Host: Yeah, yeah. No, I love that thing. Least privilege has the maximum effort. And that is very, very true. This is one of the things that happened with one of our customers also, that someone had permanent access and they deleted some CloudFormation stacks, which had some resources attached to them and they got deleted. And they were like, what just happened? Some of their services stopped working. And when they analyzed, they found out that they had very high privileges given to some users, and they had permanent access as well.

So that's where, as you said, as you mature, you would start looking into some of these areas. And things like just-in-time can help you with optimizing the permissions and reducing the attack surface.

One of the questions that often comes when it comes to Cloud IAM. Like what you touched earlier, Like earlier, network was one of the focus. So folks were optimizing the network architecture and things like that. Now in the cloud, identity is one of those areas. And it's one of the core components of Zero Trust or Data Perimeter and things like that.

So we got this question from a security leader of a healthcare startup. They have a remote first culture. And since they are in healthcare, they have to follow some of the strictest compliance regulations, audit regulations, and things like that.

How should they provide access to the data to their employees in a secure manner? And how do you see IAM play a role?

Rowan: Yeah, look, I'm working with a health tech startup at the moment. So I definitely know the challenges in this space. Look, the thing for me, think, and it kind of comes back to the visibility I was talking about earlier from an access perspective. But in this case, it's more of that data focus, know, talk about a data perimeter than obviously data is the actual thing that you're concerned about.

And so for me, the very first thing to do, which unfortunately, I still think few organizations do do is know exactly where all of your sensitive data is. And I don't mean mostly, I mean exactly like, and from a technical perspective, you know, you should be to go to anyone on the team and say, Hey, where's the PII data? Where's the person identifiable information or where is the sensitive information? And they should know off the top of their head where that is. Is it this bucket? Is it that bucket? Is it this database? Is it that DynamoDB table?

Because unless you know where that is, you really can't do a good job of securing it. Because when it comes to practical, know, kind of hands-on tools, you know, actions around protecting data, you're going to have different options depending upon where it is. You know, for, so for example, I've recently rediscovered the AWS database encryption libraries.

There's these client-side SDKs that AWS provides that integrate things like DynamoDB and KMS and say, we'll encrypt this on the client side. So this is nice because it means that even an administrator in the AWS account, in the AWS console looking at a DynamoDB table only sees masked values. But when a customer, when the end user maybe does have access to that data or should have access to that data, when they request it, gets dynamically decrypted and presented to them in a secure and compliant way.

And so they've actually made this really quite easy to do, which is nice because it's not like it's a unique problem. know, it's common to almost all, you know, health tech businesses and even other industries as well. You know, especially when look at things like PCI and things like that. So there's a lot of ways to solve this problem and you don't need to reinvent the wheel to solve this problem because other people have already done it.

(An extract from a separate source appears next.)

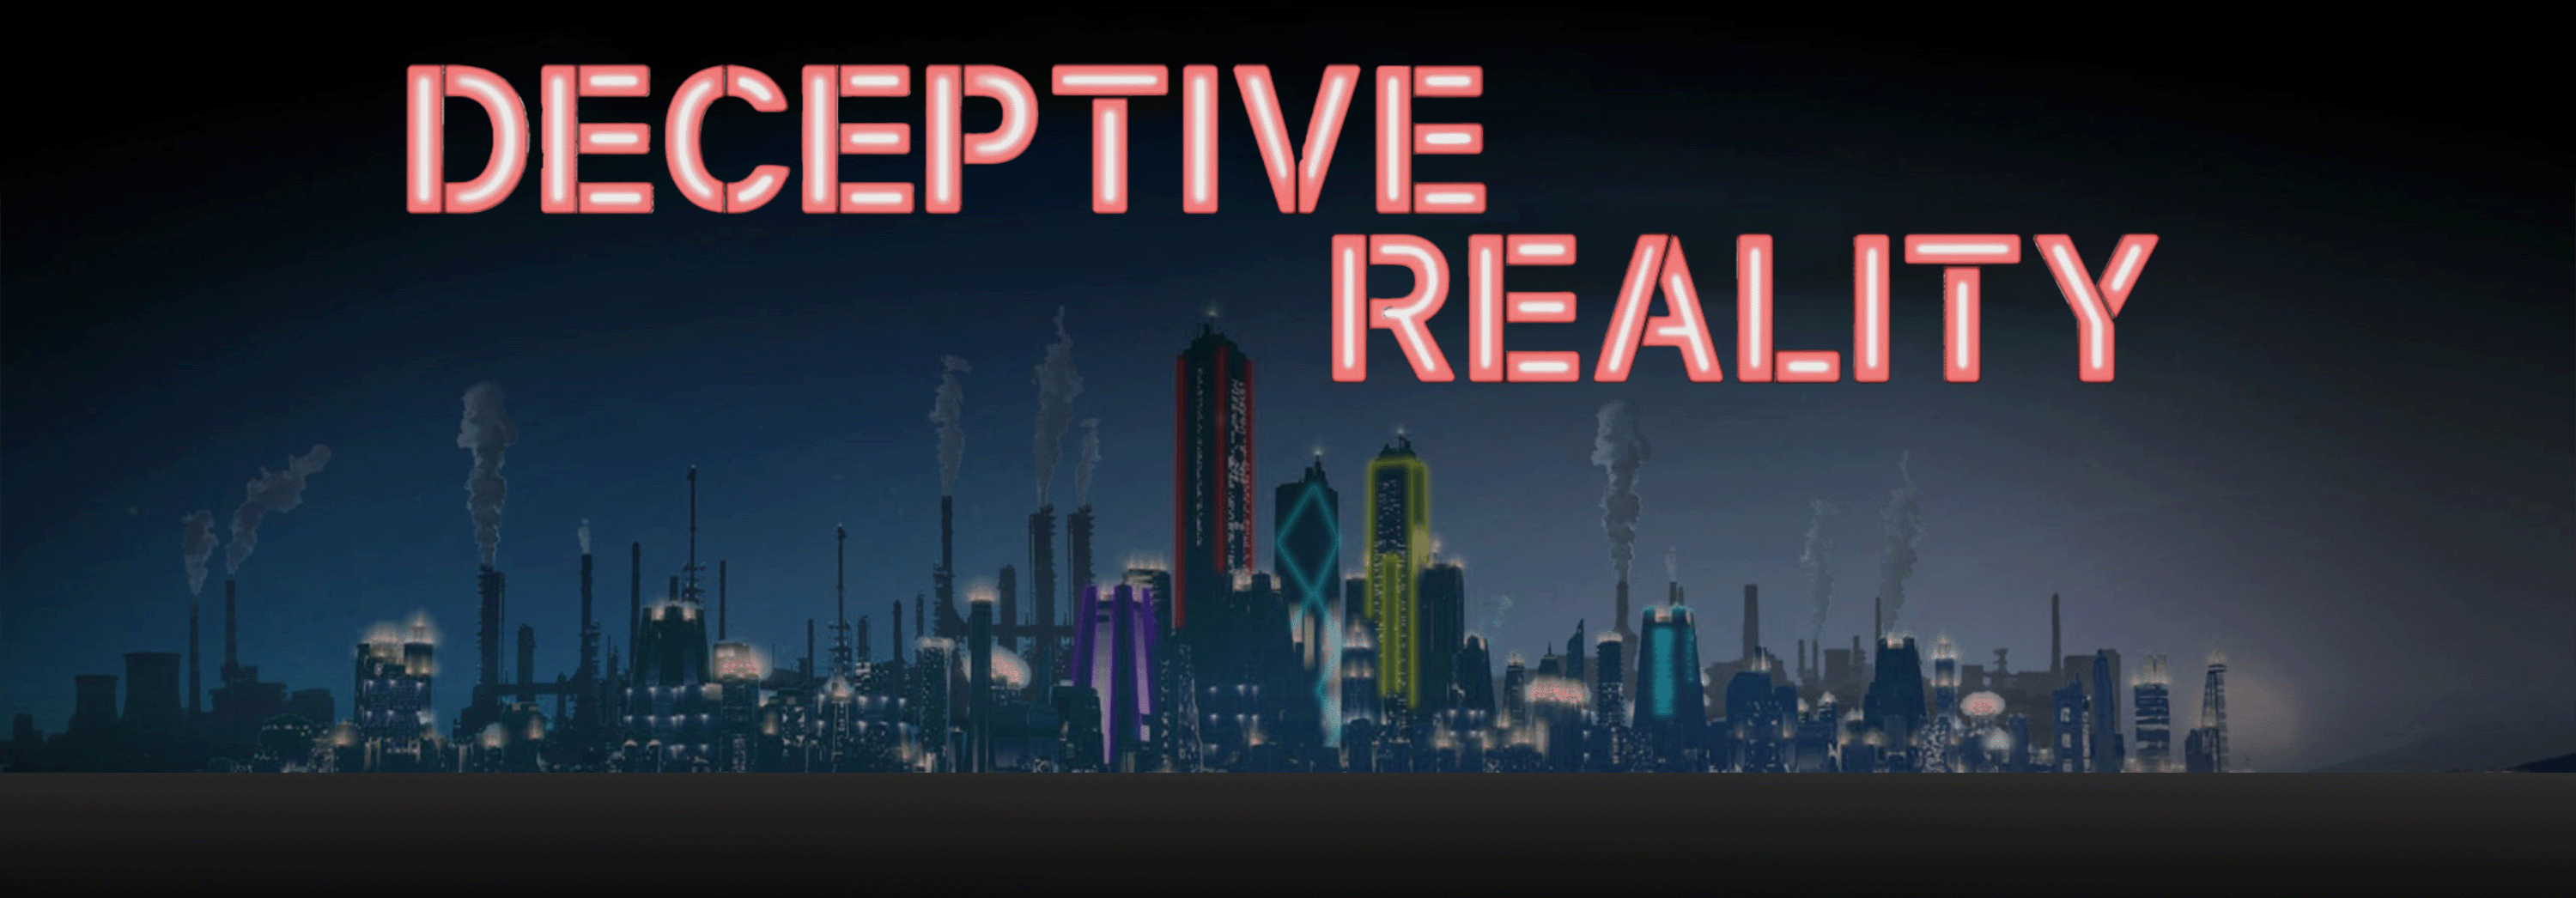 DECEPTIVE REALITY LIMITED EARLY ACCESS 0.5

But like I said, you have no chance of doing it well if you don't know where your data is. And so I would definitely say to all organizations, if you have any questions in your mind about what the answer to that question is, you should go off and find that out straight away. That's the very first step.

Host: Which means like labeling your data, whether they are PII, PHI, and different sensitivity, and that helps you in understanding what type of data the sites where. One of the things that we have seen with some customers is they use tags. But not everybody uses tags. Do you think tags is one of the solutions for this, or there are other solutions that you recommend generally?

Rowan: Yeah, look, tags is not a bad solution on AWS. You know, most resources now can be tagged, especially the ones that store data. So I would use that for this data classification thing. I have some reservations with tags for Azure based access control, but that's a very different topic. Obviously still security related, but you just have to remember that originally tags on AWS were used for cost allocation and still are used for cost allocation.

That's really their primary function. Can we use that also for data classification? Yeah, it turns out we can. You just have to be careful because once you start relying on this for more than just cost allocation, then need to be a lot more careful about, well, who has access to change these tags and rewrite these tags. And that's why I have issues with it from an attribute based access control, because now you're not depending just on IAM. You're now depending upon the tagging functionality of all the AWS services, which is unfortunately, somewhat inconsistent in terms of when you can do it, how the permissions are handled for it, and things like that, mainly for historical reasons.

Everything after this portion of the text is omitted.